Much like Pandora identifies patterns in music to come up with new songs that its users might like, OpenDNS is listening to the traffic patterns of the Internet as a whole in order to spot patterns of malicious activity.
The company processes more than half a terabyte of traffic data every hour, 80 billion queries a day, or about 2 percent of all the traffic in the world, according to Andrew Hay, director of security research at OpenDNS.
The company also has access to several years’ worth of stored traffic data.
“Very few companies can say that they see this kind of traffic,” he said.

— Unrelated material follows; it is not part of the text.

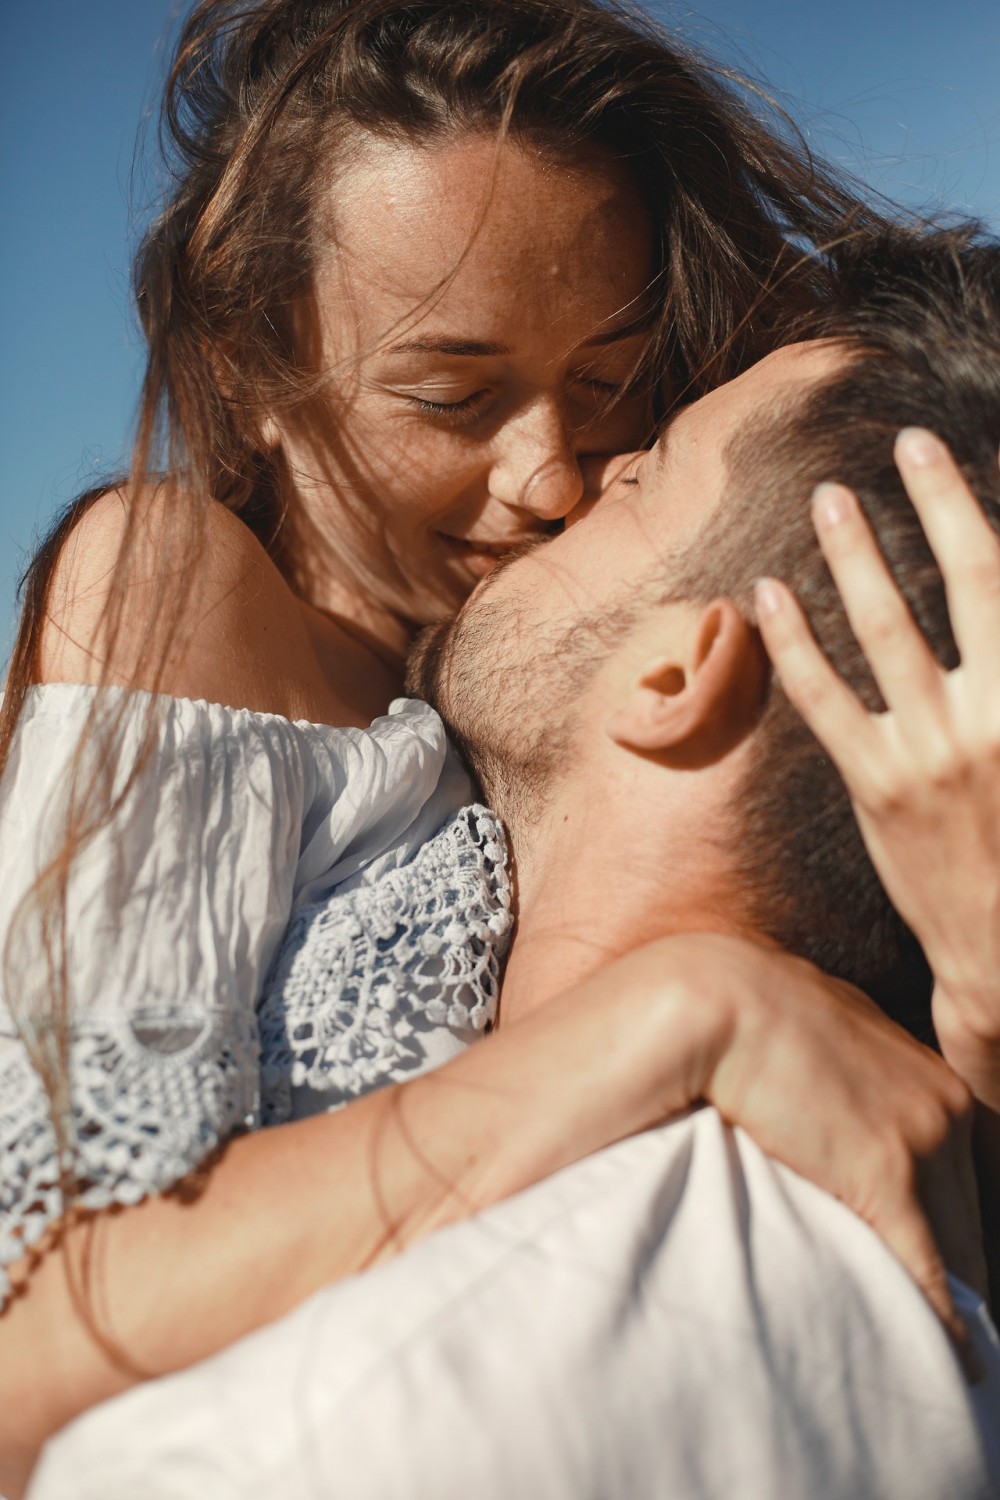 Как защитить свою кожу после поцелуев, если у парня щетина?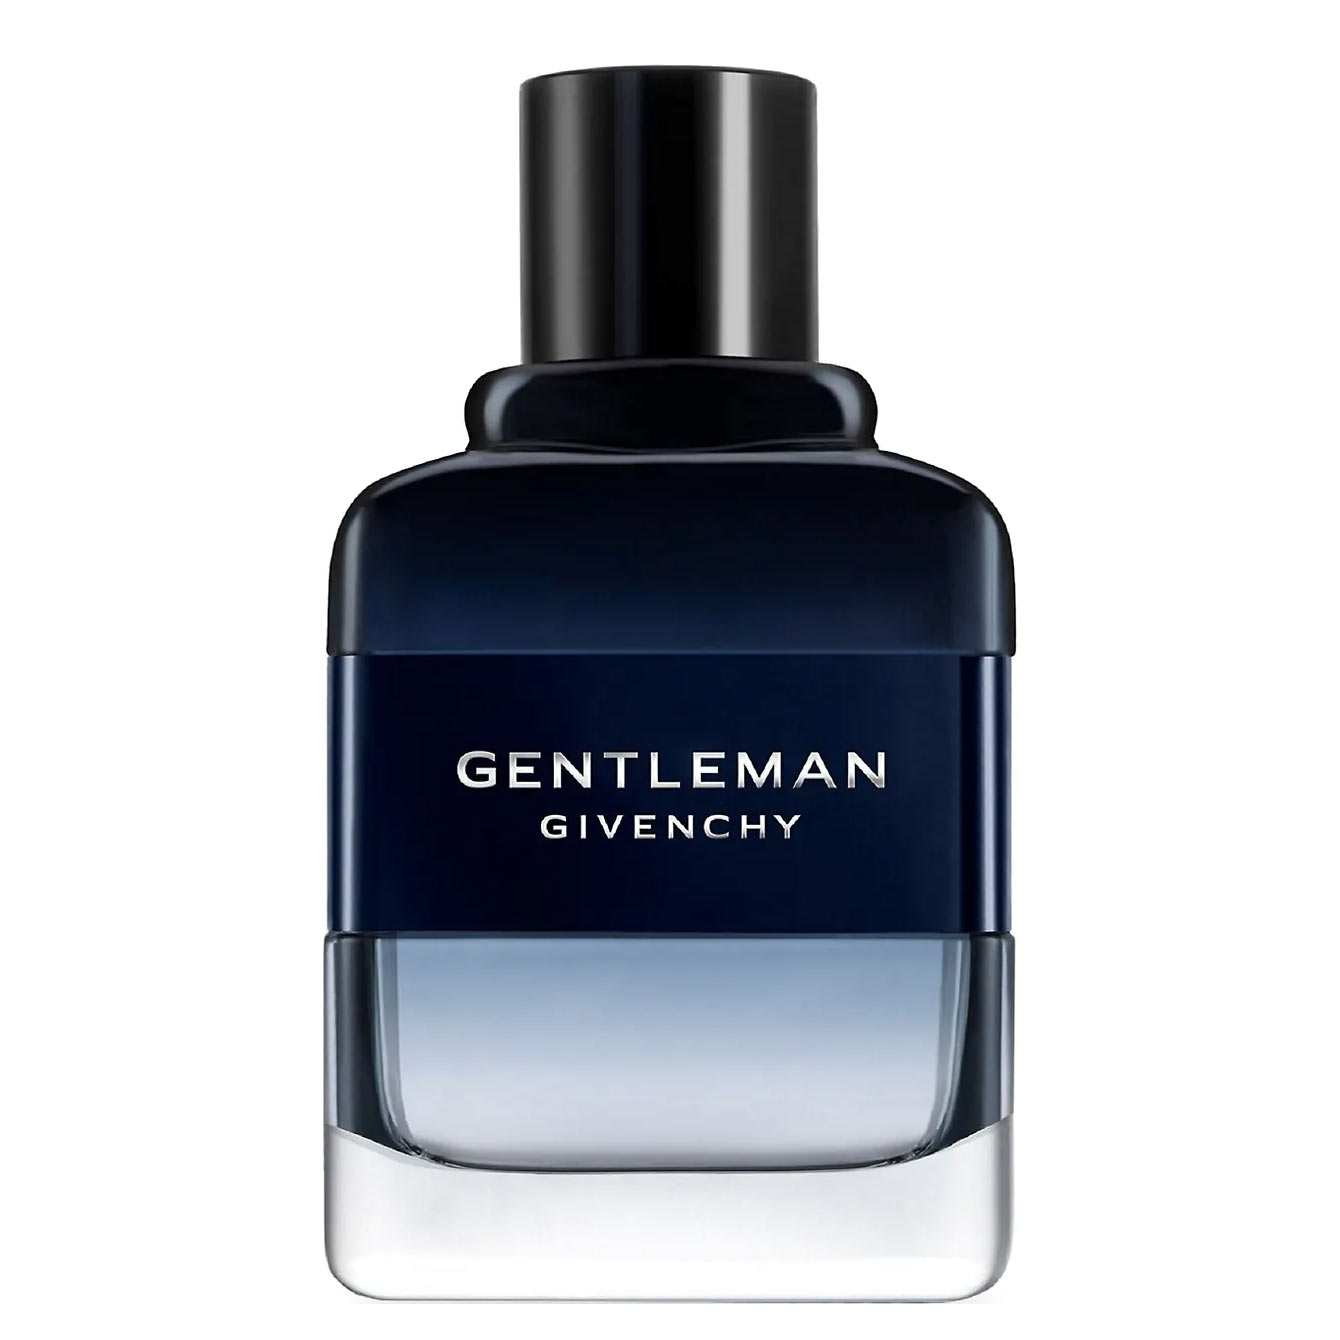 Gentleman Eau de Toilette Intense Givenchy Image

The algorithm, called SPRank, uses mathematical concepts most often used to analyze sound waves, such as in Pandora’s Music Genome Project.
In particular, the company analyzed traffic to known domains to see how traffic patterns changed when the domain became malicious.
According to OpenDNS, the new algorithm can identify hundreds of new compromised domains every hour, over a third of which are not detected by any other antivirus or anti-malware vendor.
At that point, the system also starts looking at other nearby and associated domains and decides whether to block just the domain, the IP address, or the entire network.
“As we iterate and pivot on that information, we may find additional domains and IPs that we want to block,” Hay added.
This second stage, which the company calls Predictive IP Space Monitoring, can find malicious domains even before they are used for actual attacks.
OpenDNS has been slowly adding in the functionality for its existing customers, and officially launched the system this morning.
“We’ve been very safe and taking a very casual stance as to what we’re putting in there, we want to be sure that the false positive rate is very low,” he said.
The new pattern-spotting system is only one of several methods that OpenDNS uses to spot malicious domains. Other innovative approaches the company has rolled out include using natural language processing to spot keywords that frequently appear in phishing domain names, and reverse engineering domain generating algorithms used by malware authors.
OpenDNS also looks for the use of uncommon domain name registrars, where the domains are hosted, where most of the visitors are located, and Whois information that doesn’t match that of the parent domain.
“We keep looking at our traffic and looking for new ways to look at it,” said Hay.